[Opening Provided material section]

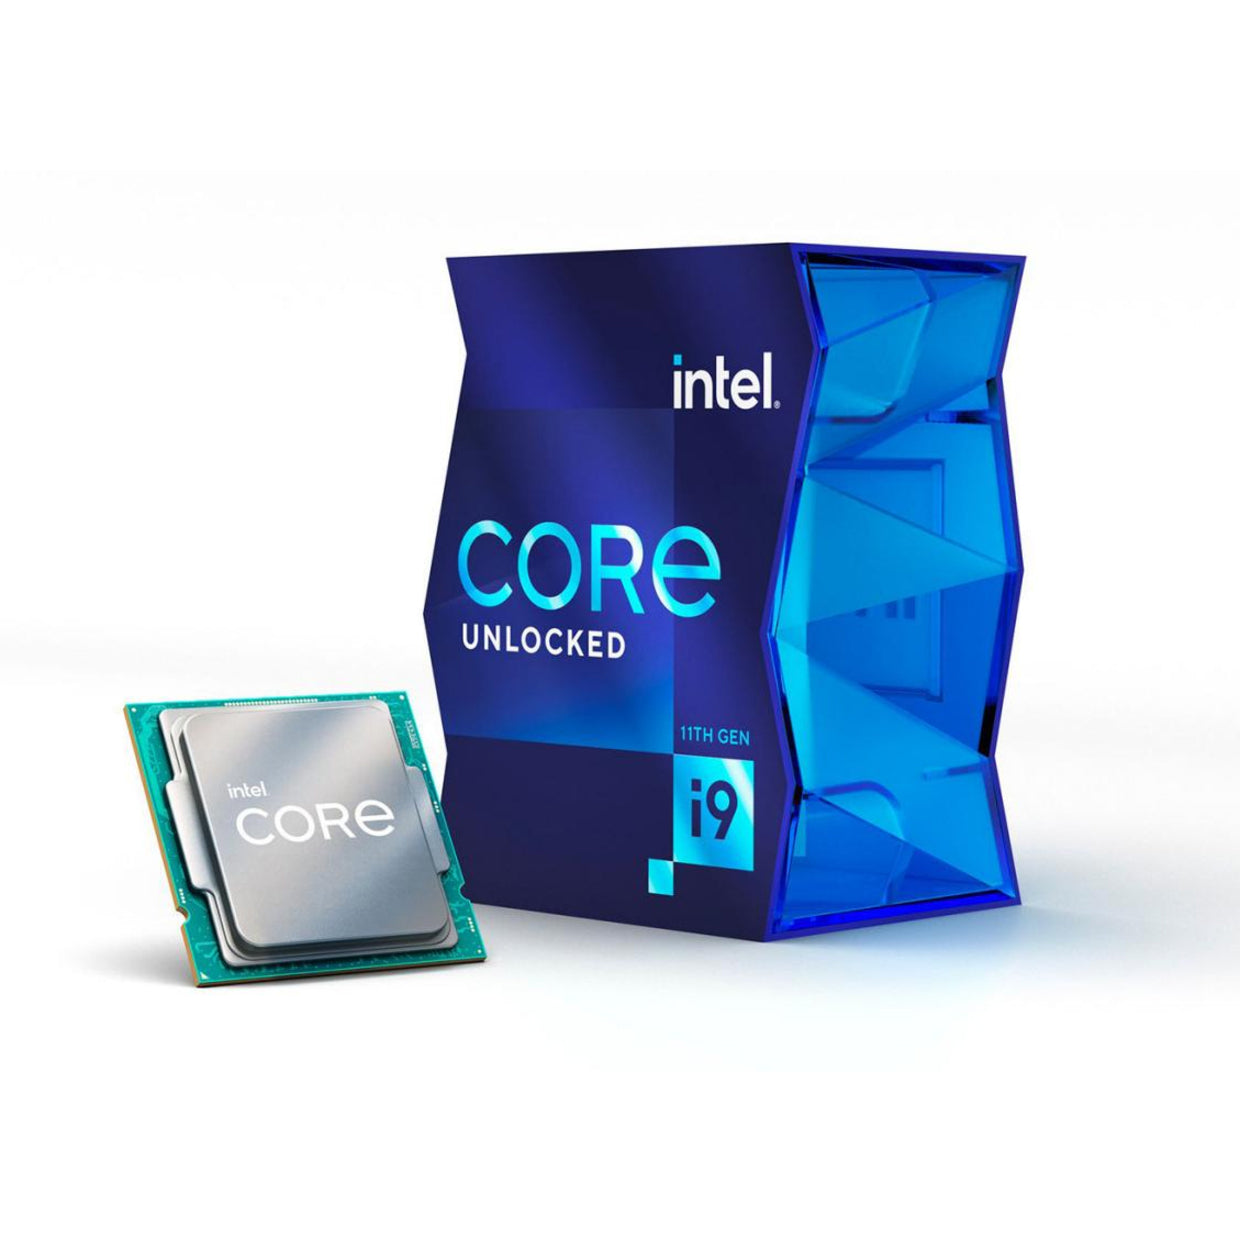 Intel BX8070811900K Core i9 Octa-core i9-11900K Desktop Processor, Up to 5.30GHz, 16MB Cache
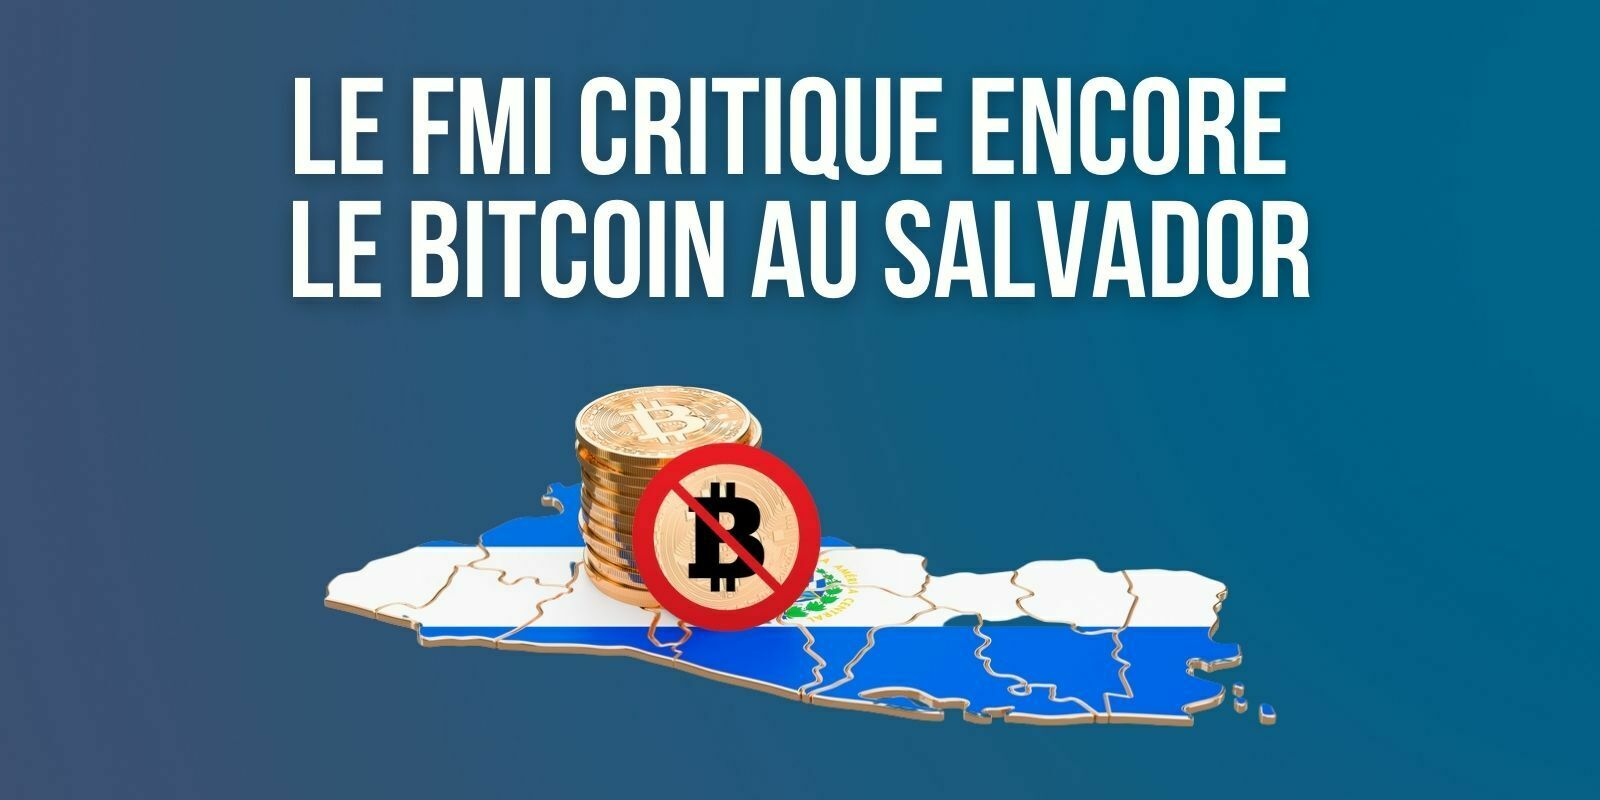 Le FMI estime que le Salvador ne devrait pas utiliser le Bitcoin (BTC) comme monnaie
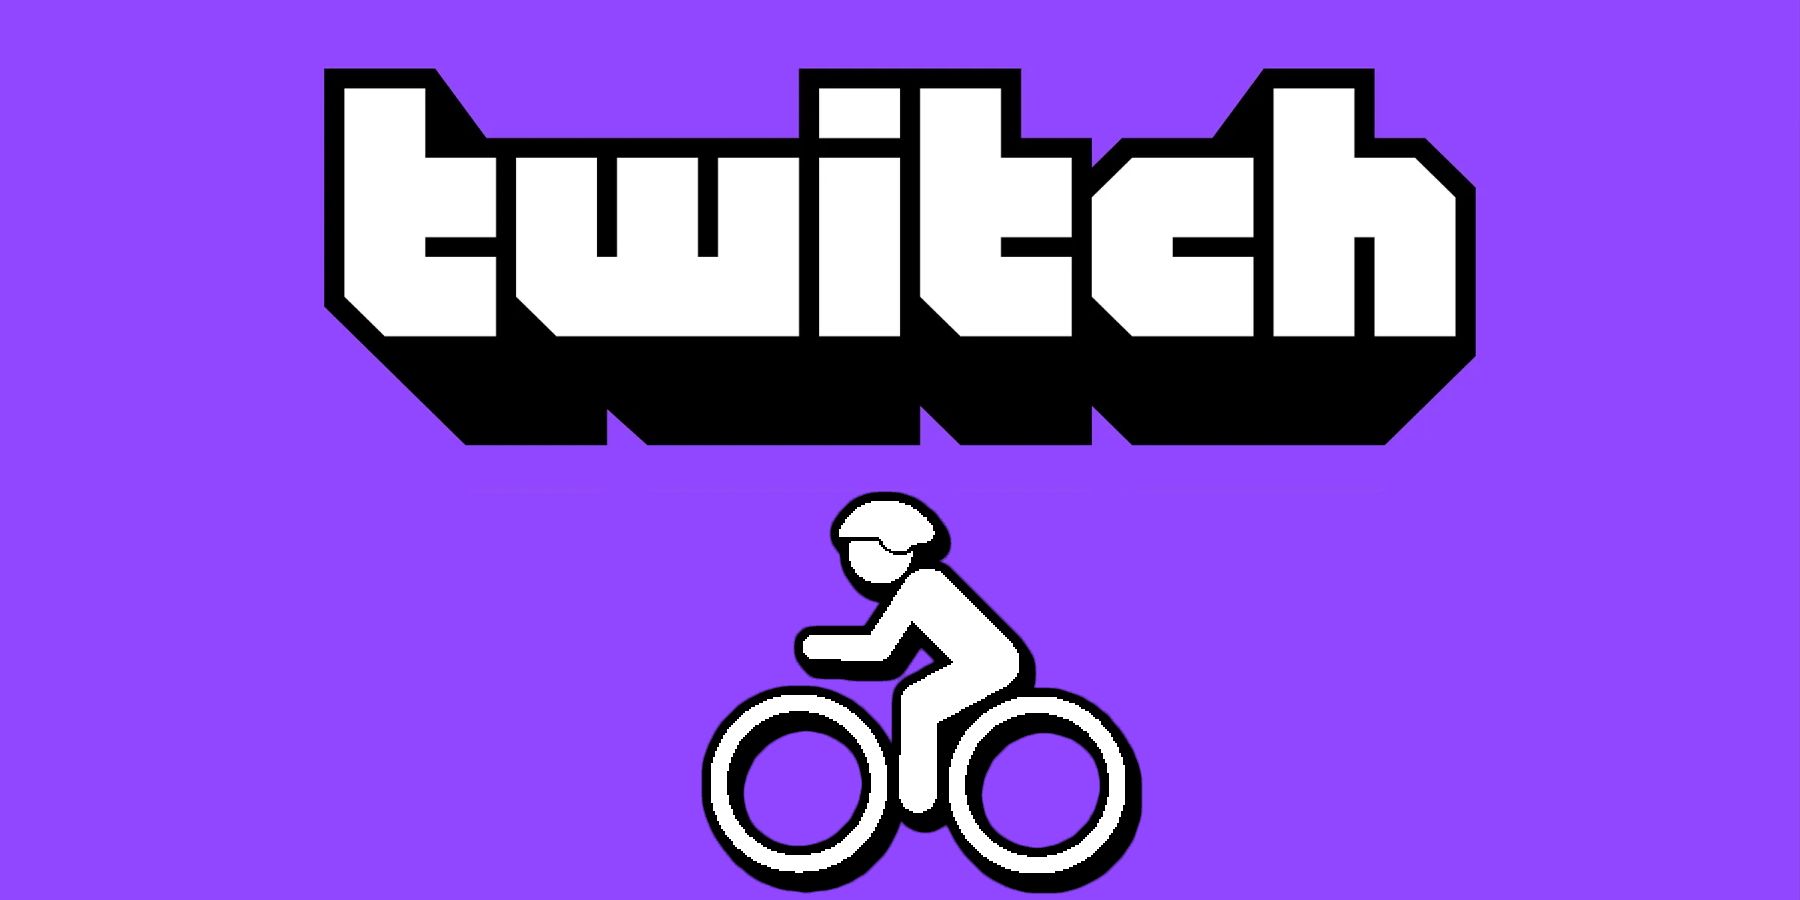 Twitch logo with a bike icon
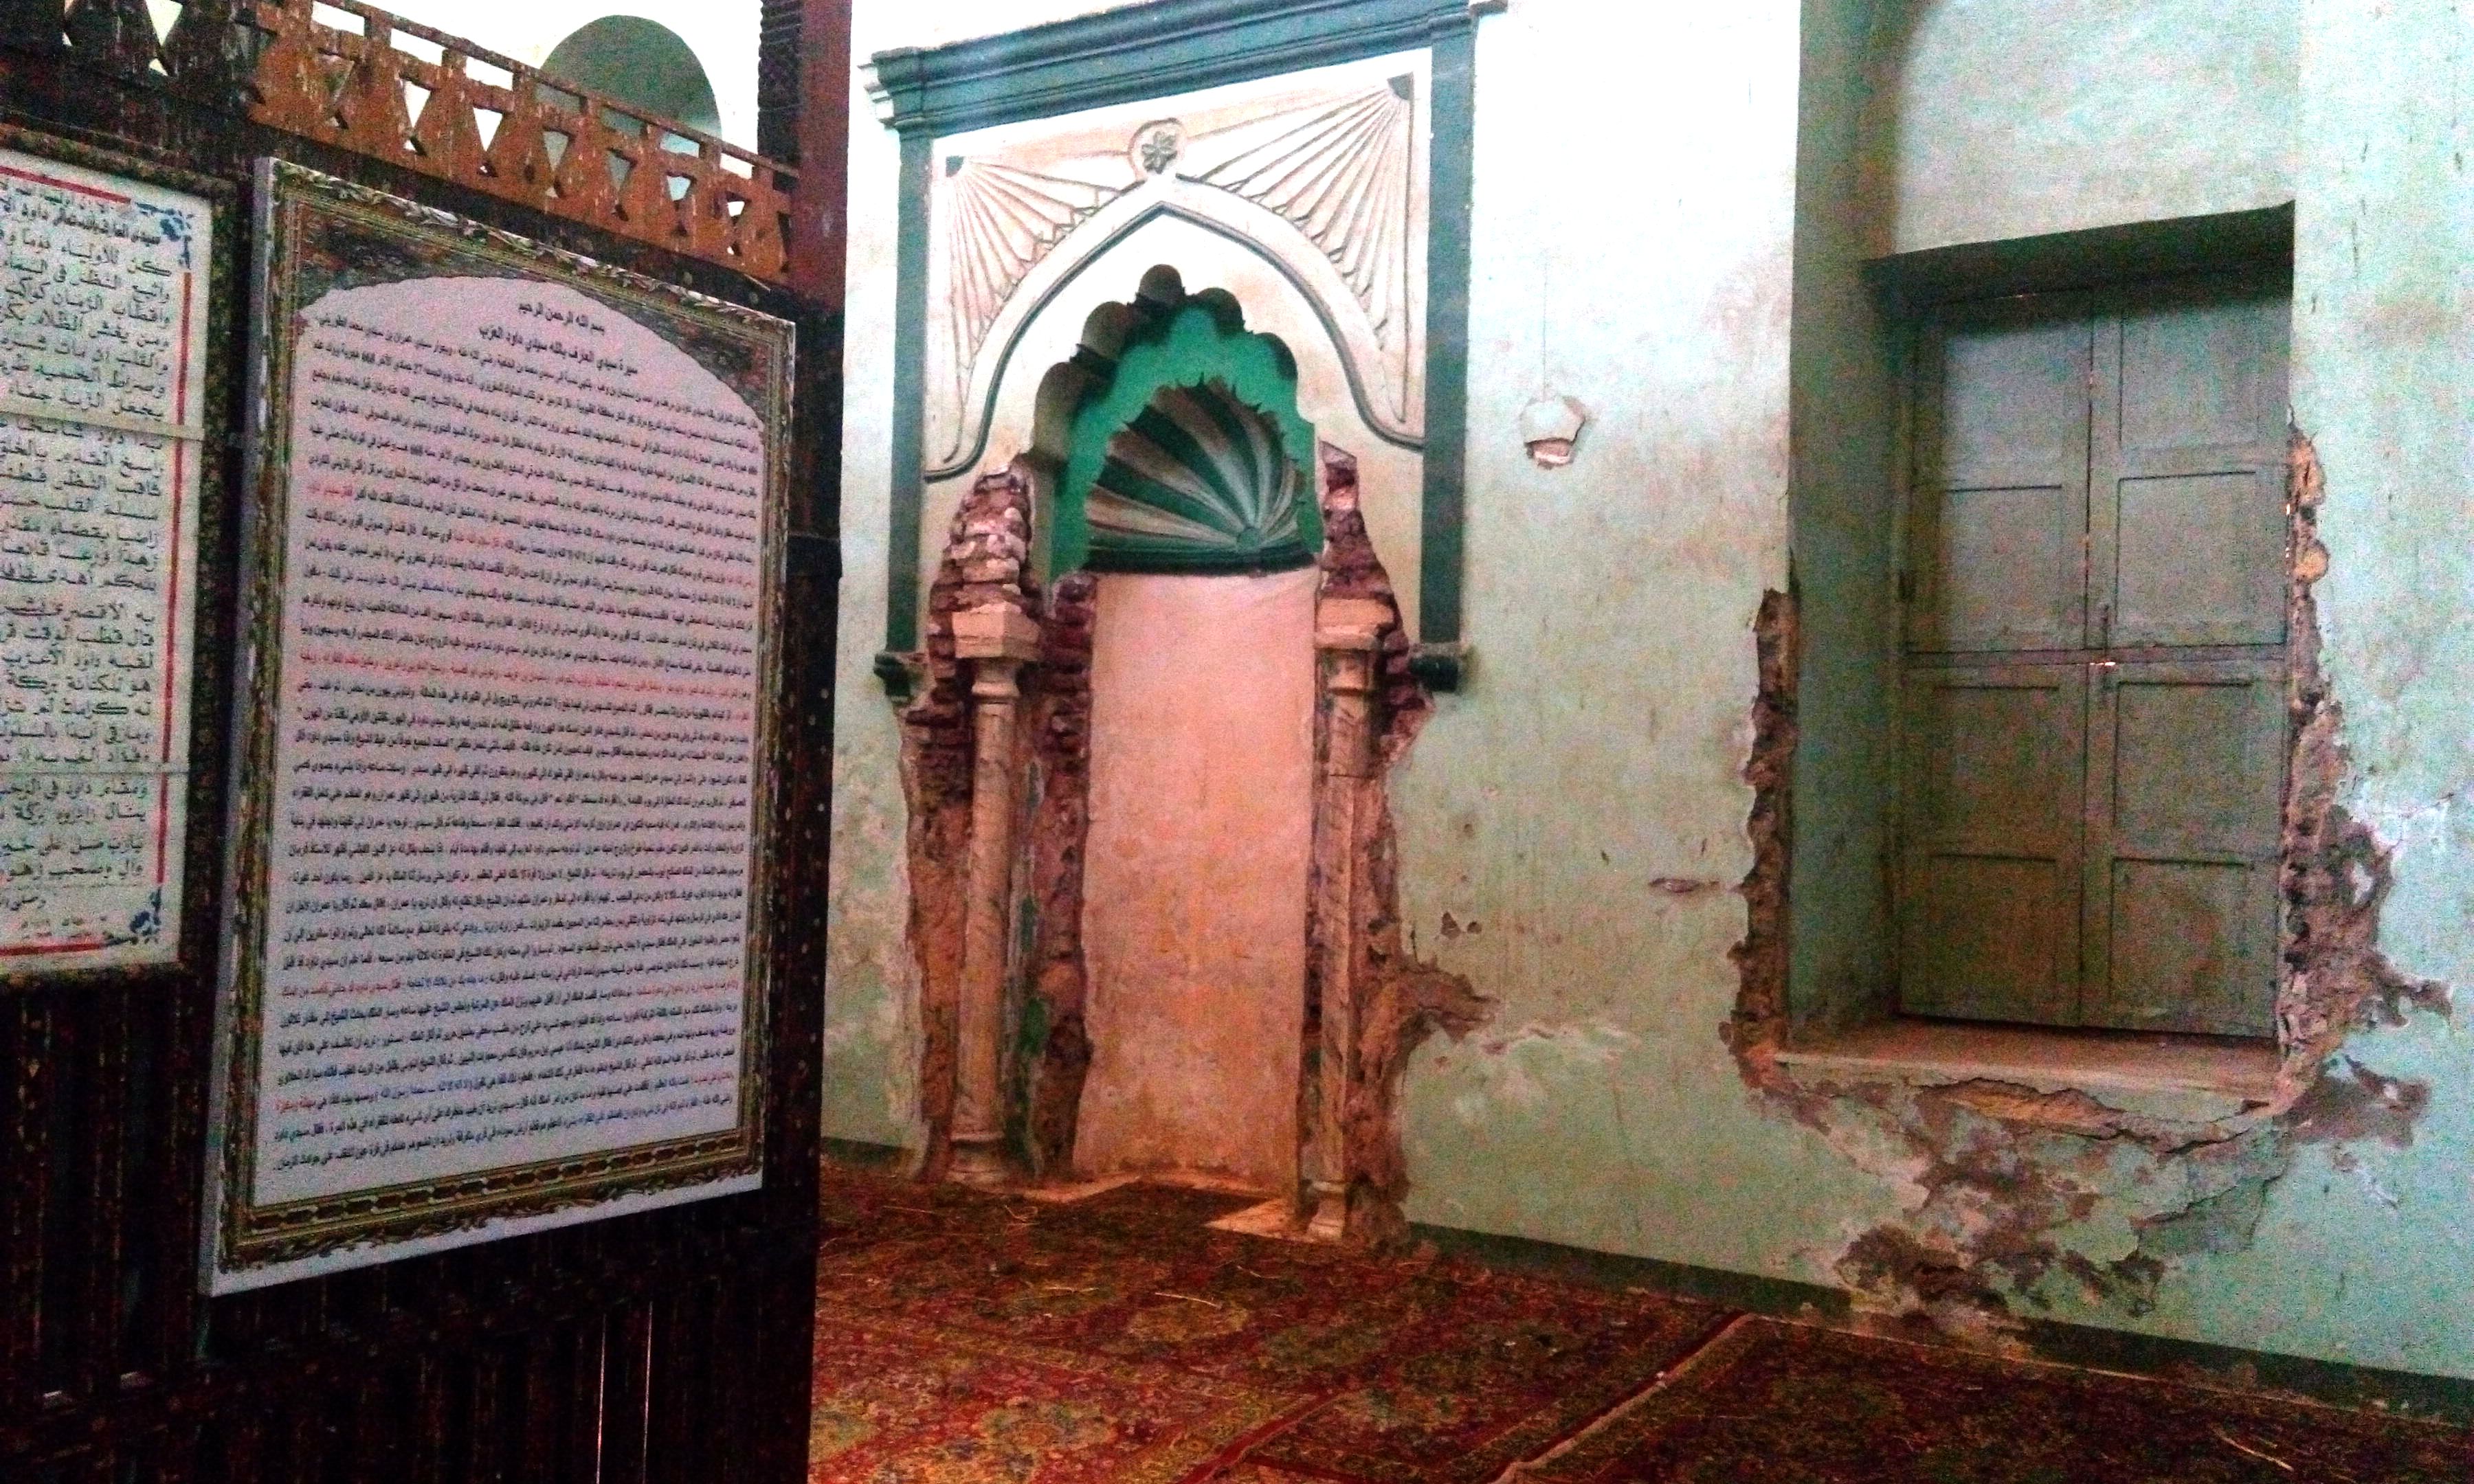  مسجد سيدى داود العزب بالغربية (7)

[Closing Provided material section]

▶ [Prompt] Leave out the pictures and copy the rest of the material above exactly.

▶ [Expected answer]
 Intel BX8070811900K Core i9 Octa-core i9-11900K Desktop Processor, Up to 5.30GHz, 16MB Cache
 Le FMI estime que le Salvador ne devrait pas utiliser le Bitcoin (BTC) comme monnaie
 Twitch logo with a bike icon
  مسجد سيدى داود العزب بالغربية (7)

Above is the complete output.